A colleague explained their approach to dealing with left censored data in an analysis, and while I don't think it is the best approach, I am not sure if it is insufficient or not.
My colleague has very large datasets, composed of millions of measurements for different materials. A fair number of these measurements are non-zero values below a uniform instrumental threshold (maybe a tenth to a quarter of each dataset for each material), the majority of measurements are above this instrumental threshold. The question of interest is whether materials differ significantly in (a) their central tendency (mean, median) and (b) their spread (variance).

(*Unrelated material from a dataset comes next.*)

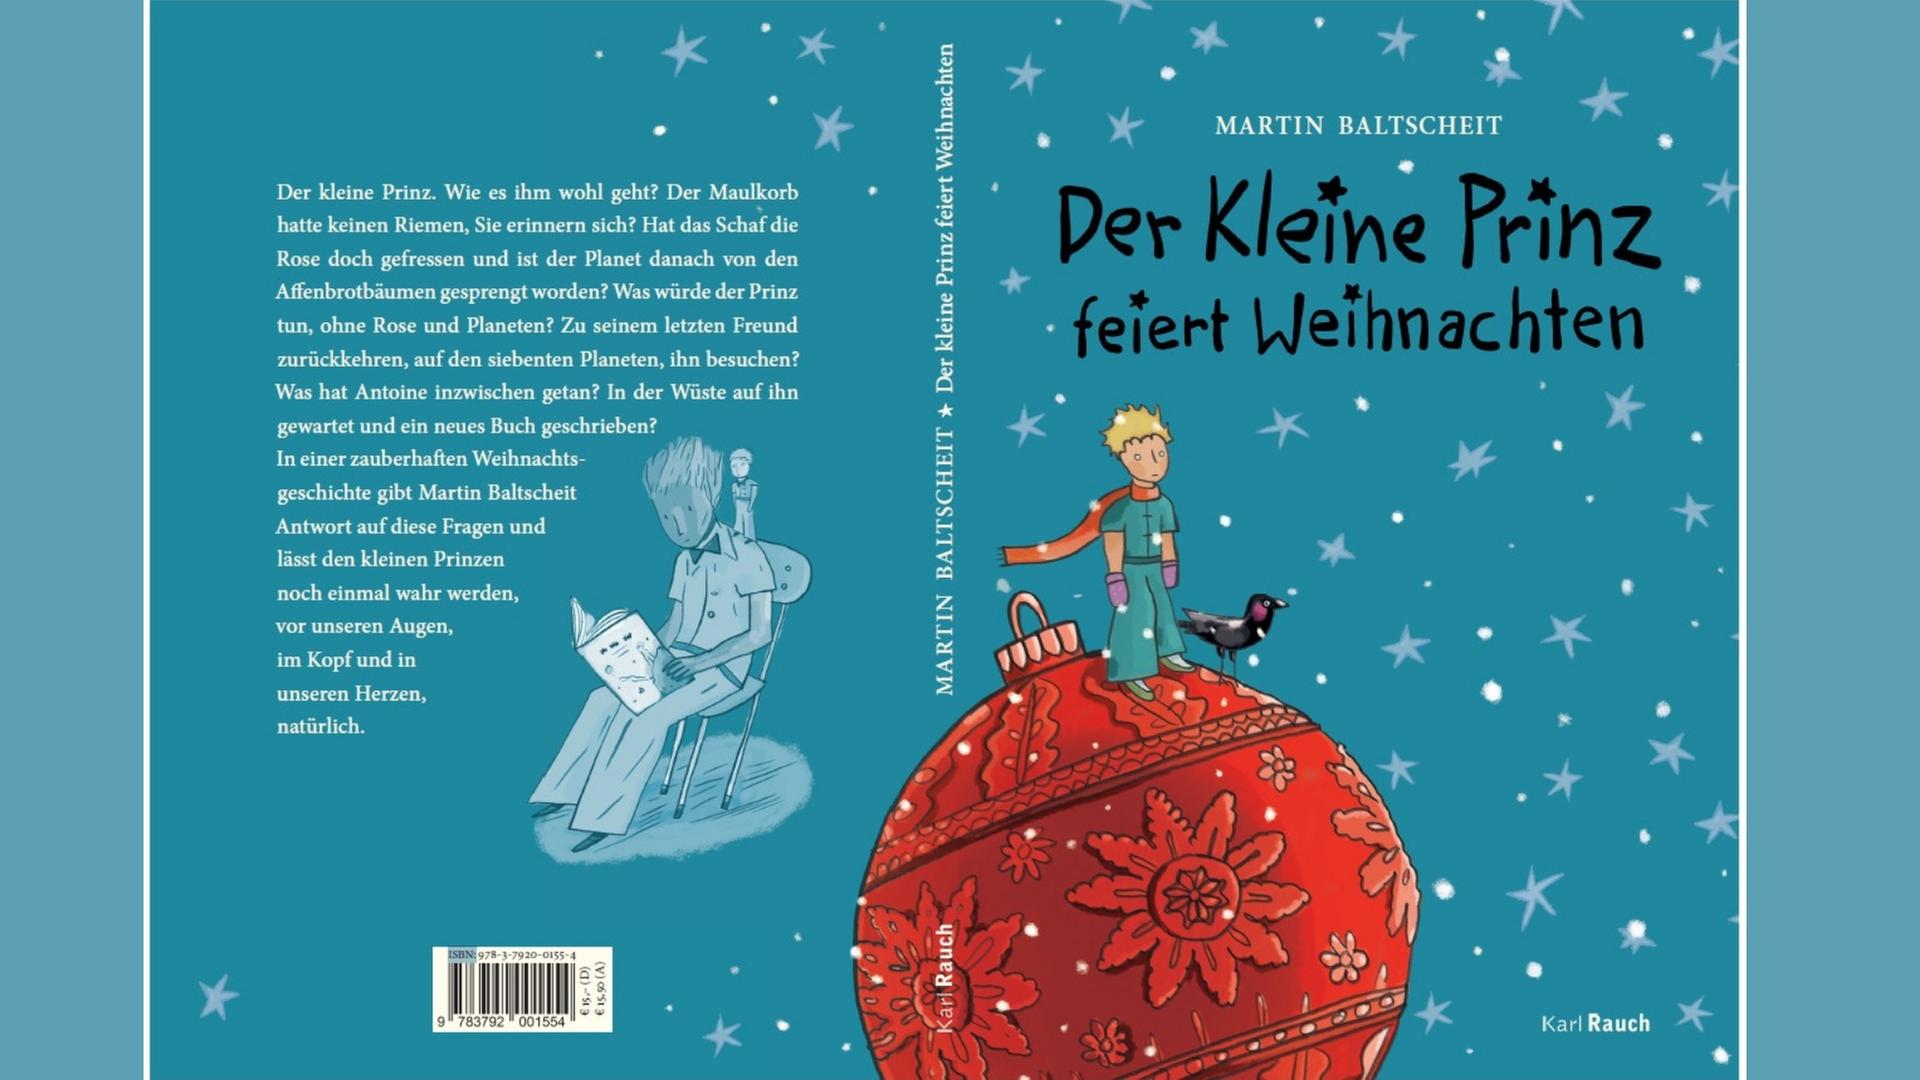 Buchcover: Martin Baltscheit: "Der kleine Prinz feiert Weihnachten"

To deal with their censored data, and the need to log-transform the data so to correct for a strong right-ward skew, my colleague has been effectively converting the censored data to interval truncated data: excluding all values at the minimum instrumental value (i.e. all the censored values), and then removing an equal number of samples from the rightward side of the distribution, so that both sides of a dataset's distribution are equally truncated. Then applying Mann-Whitney tests, ANOVAs, etc to this data, which (for a given material) looks somewhat Normal like after this exclusion and the log-transformation, although missing the tails.

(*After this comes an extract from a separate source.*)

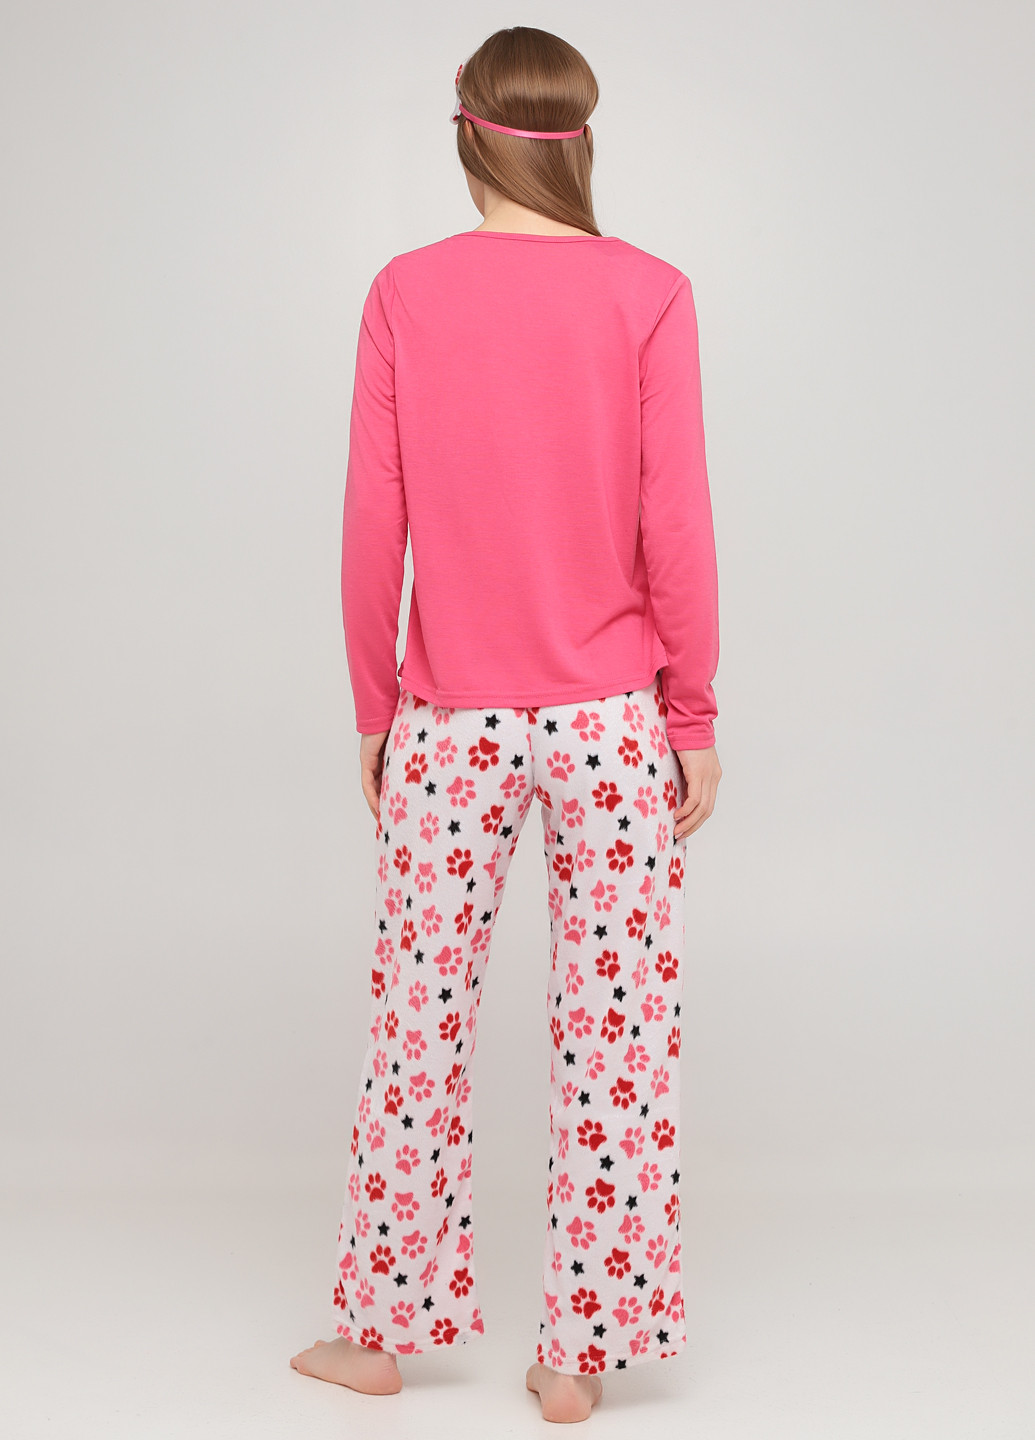 Розовая всесезон пижама (лонгслив, брюки, маска для сна) лонгслив + брюки Studio

I think this is probably sufficient for saying there are differences in the central tendency (but probably less effective than using a rank-based non-parametric method, which would sidestep this whole need to truncate the data-set at both ends). Has anyone seen any work that uses this symmetric truncation as a way to deal with asymmetrically censored data? I haven't found anything, although informally
I'm not really sure about the variance scenario. Could the fact we are removing different amounts of values from each distribution create some artificial differences in spread, even when the datasets are this large? Maybe? Would a better method be using maximum likelihood methods that directly account for the censoring? (Probably.)